GoPro makes small $250 no-frills video cameras that record 1080p and come in waterproof polycarbonate housings rated to 60m depth. They have a 170º angle of view, glass lens, fixed focus (2.5ft – ∞), f/2.8 aperture, and 2.5 hour battery life. These cameras are ‘bare bones’; there is no way to even know if it’s recording but to look directly into the lens, no backfacing LCD or even blinking LED!

Not Usable Under Water! – I did some test dives as soon as I received the housing and was in for a rude awakening. The glass domed ports blur the image underwater. This is because domed ports create a secondary focal point or ‘virtual image’ underwater that must be focused on. It seems that GoPro did not take this into account; after contacting them directly I was told: “It is not possible at this time for the GoPro Hero to focus in an underwater environment.” One funny thing to point out, the cool underwater videos on GoPro’s own site are not shot with their own lens/housing!

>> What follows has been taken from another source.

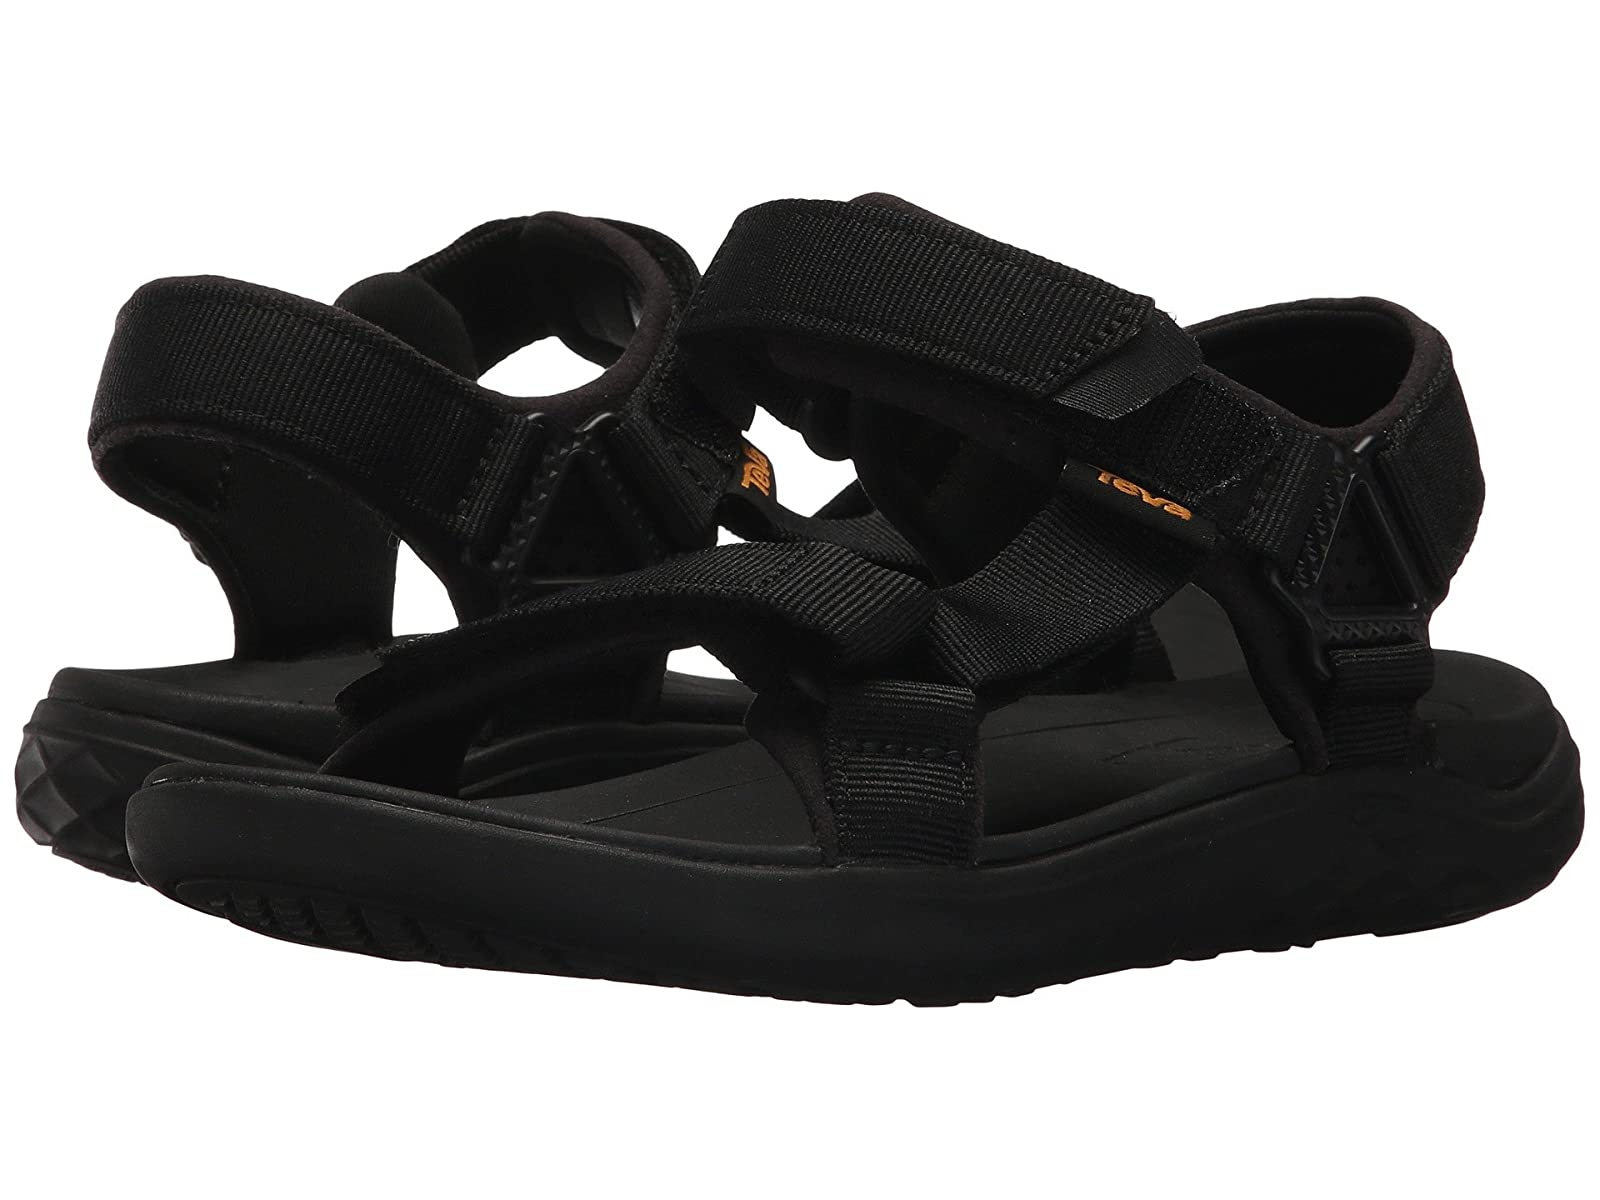 Teva Terra-Float 2 UniversalAtmospheric grades have affordable shoes
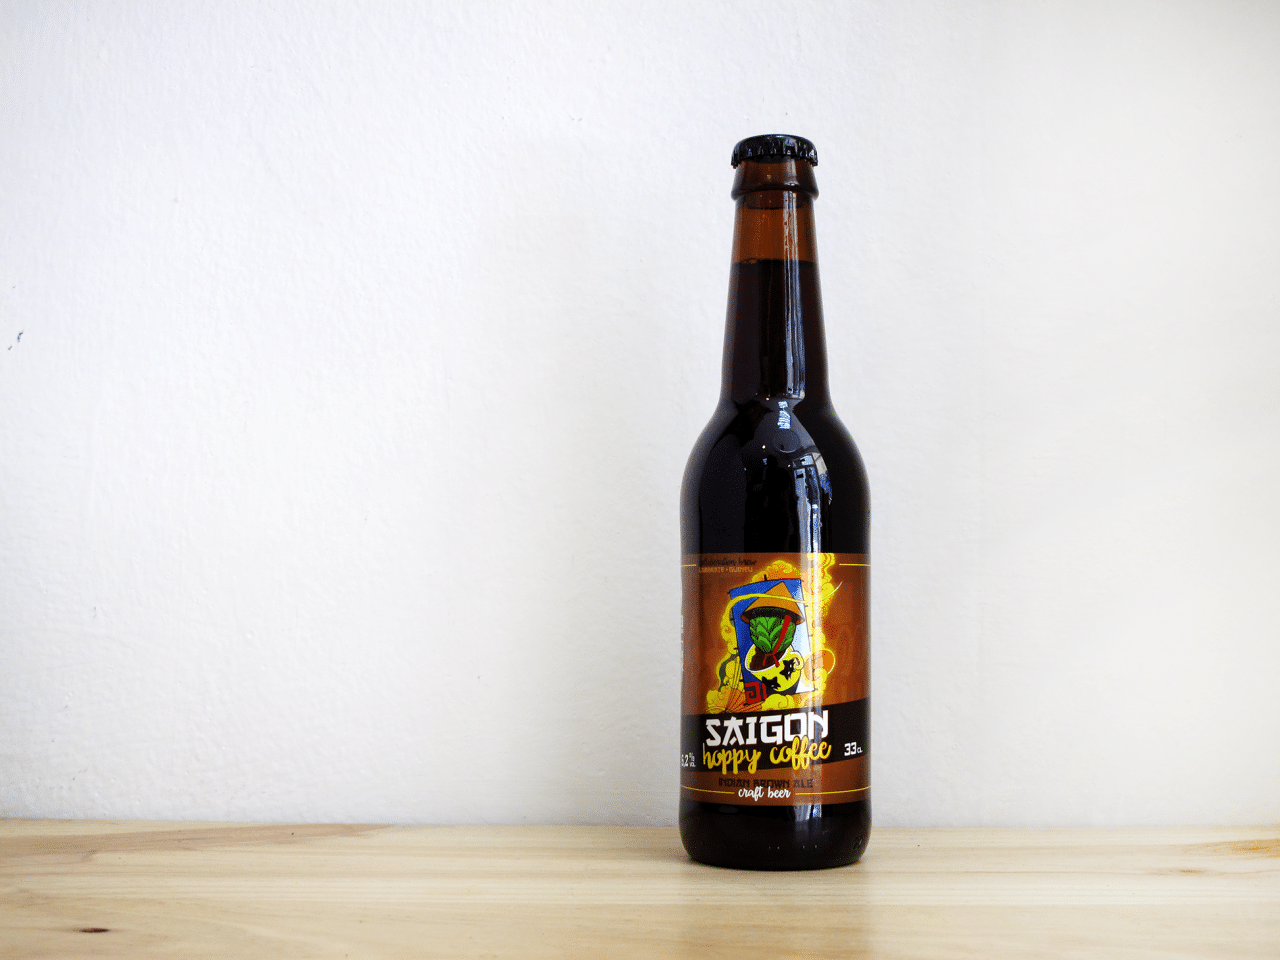 Cerveza Guineu - Lambrate Saigon Hopppy Coffe - American Brown Ale

SOLUTION: 3rd Party Lenses or Housing – That’s right, to use your GoPro Hero underwater you have to buy a replacement housing from a 3rd party with flat ports (crisp images underwater). At the time of my writing this, there were none available for the 3d Hero System, so I purchased replacement lenses from Pursuit Diving. These lenses are very soft polycarbonate, and you might want to carry some Novus 2 polish with you as they scratch easily [image]. Mine also had some small areas of blurriness: this is not an ideal solution. Eye of Mine has a complete 3d housing replacement in the works, and GoPro themselves say they are ‘working’ on a solution. Either way, be warned: These cameras are unable to produce decent images underwater!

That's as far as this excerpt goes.